Everything below from the line with "Књига из 1750. године о Сибирском царству" through the line with "Gniazdo HDMI, wysoka" should be copied exactly, and nothing else; leave out the pictures.

=== Supplied data ===
* * * *

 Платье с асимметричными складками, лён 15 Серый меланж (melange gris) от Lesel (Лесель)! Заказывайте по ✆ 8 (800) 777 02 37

* * * *

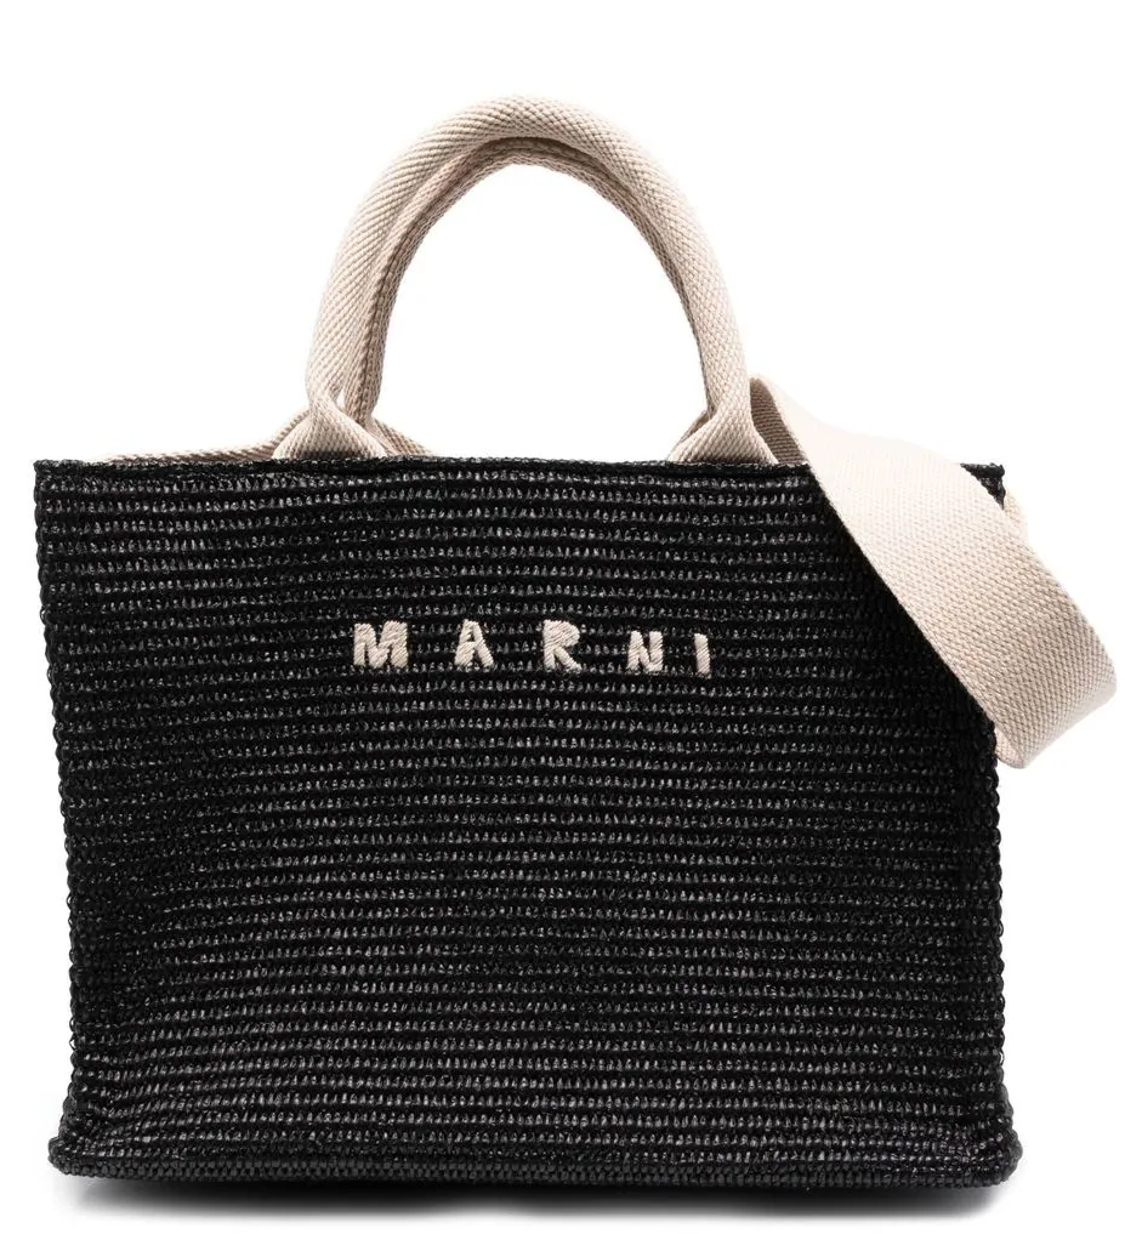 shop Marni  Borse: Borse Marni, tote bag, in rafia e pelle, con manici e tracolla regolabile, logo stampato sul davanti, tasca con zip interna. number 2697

* * * *

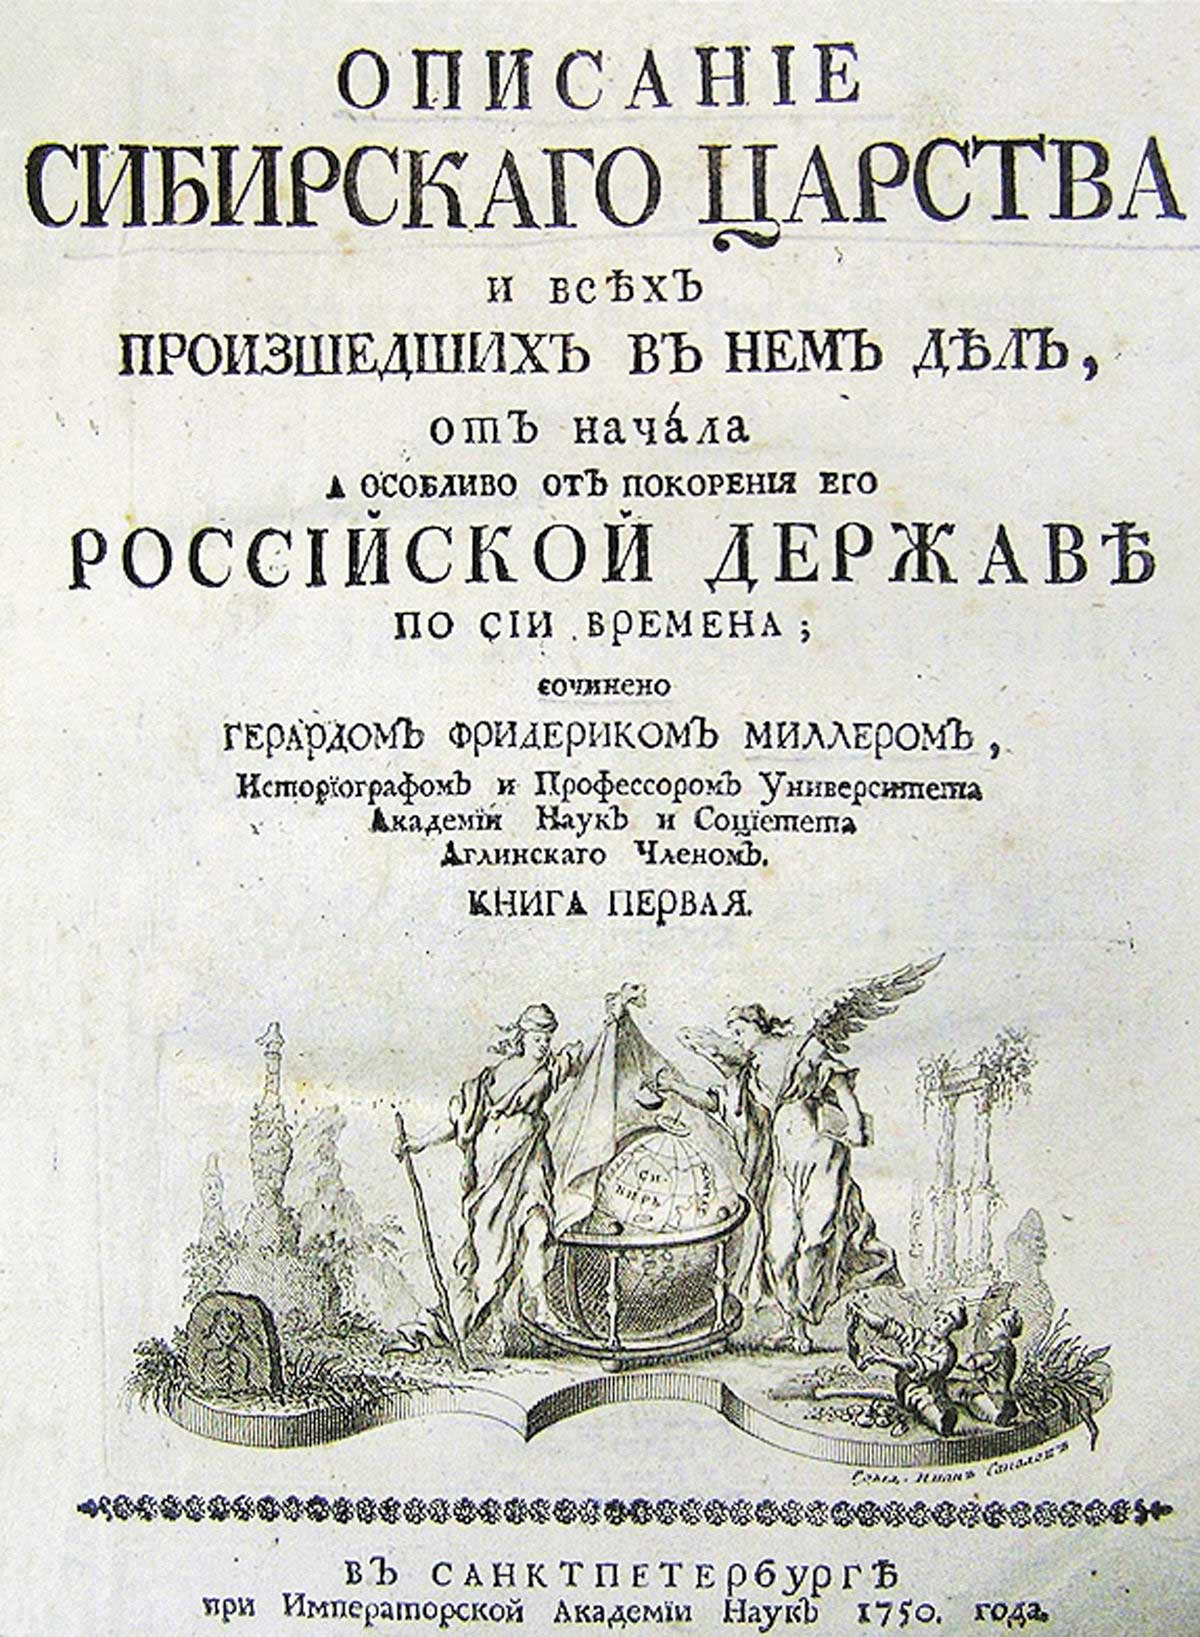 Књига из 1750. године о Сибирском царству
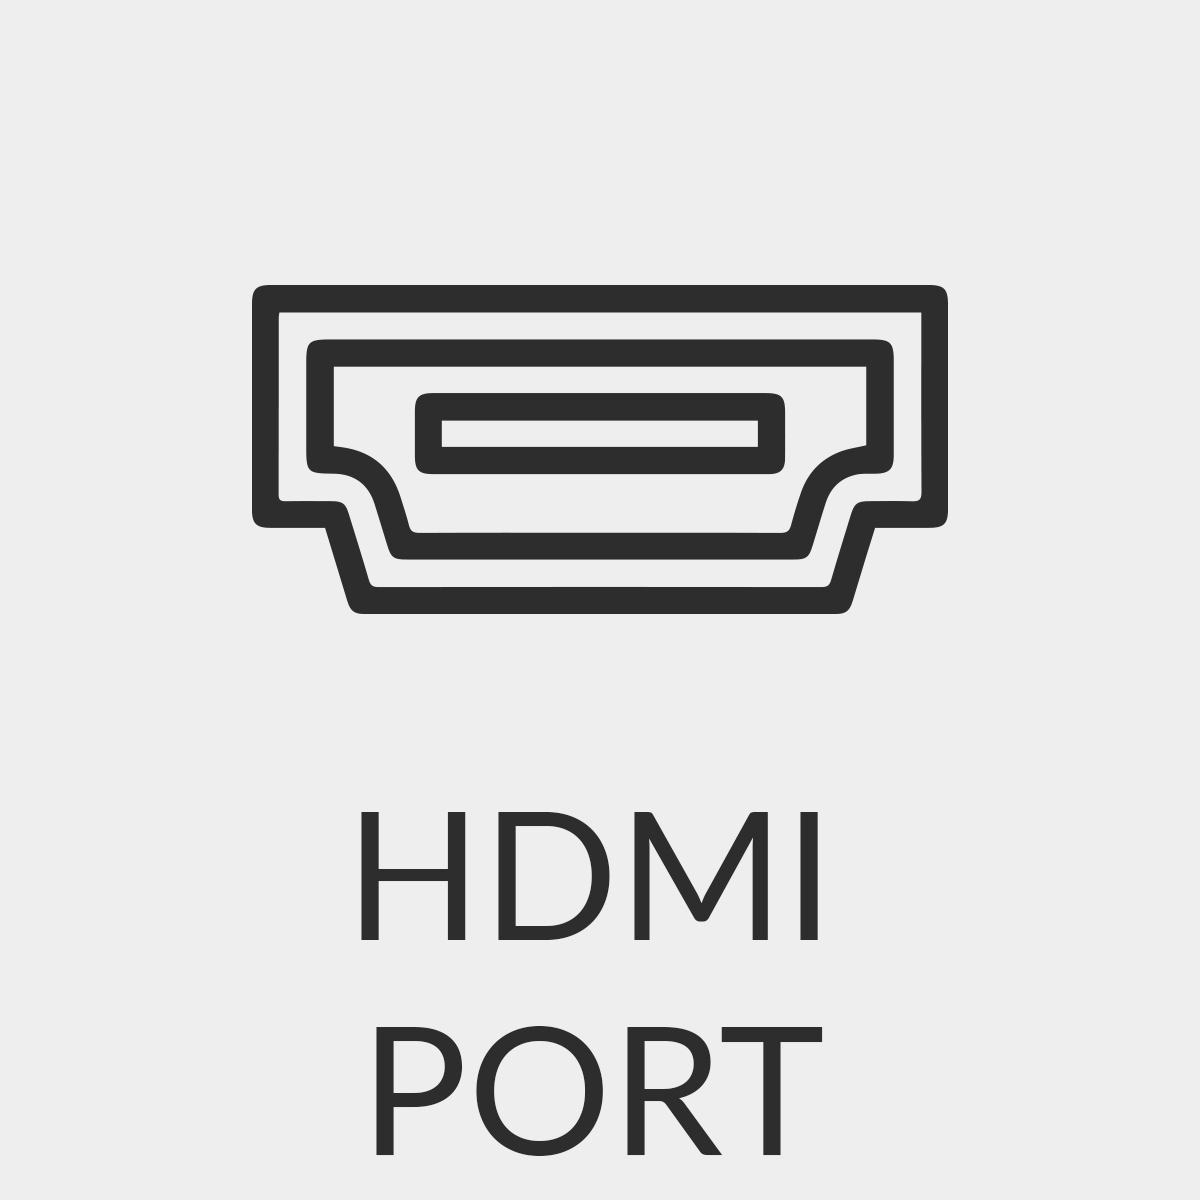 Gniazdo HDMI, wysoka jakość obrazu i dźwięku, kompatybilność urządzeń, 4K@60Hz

* * * *

=== Worked solution ===
 Књига из 1750. године о Сибирском царству
 Gniazdo HDMI, wysoka jakość obrazu i dźwięku, kompatybilność urządzeń, 4K@60Hz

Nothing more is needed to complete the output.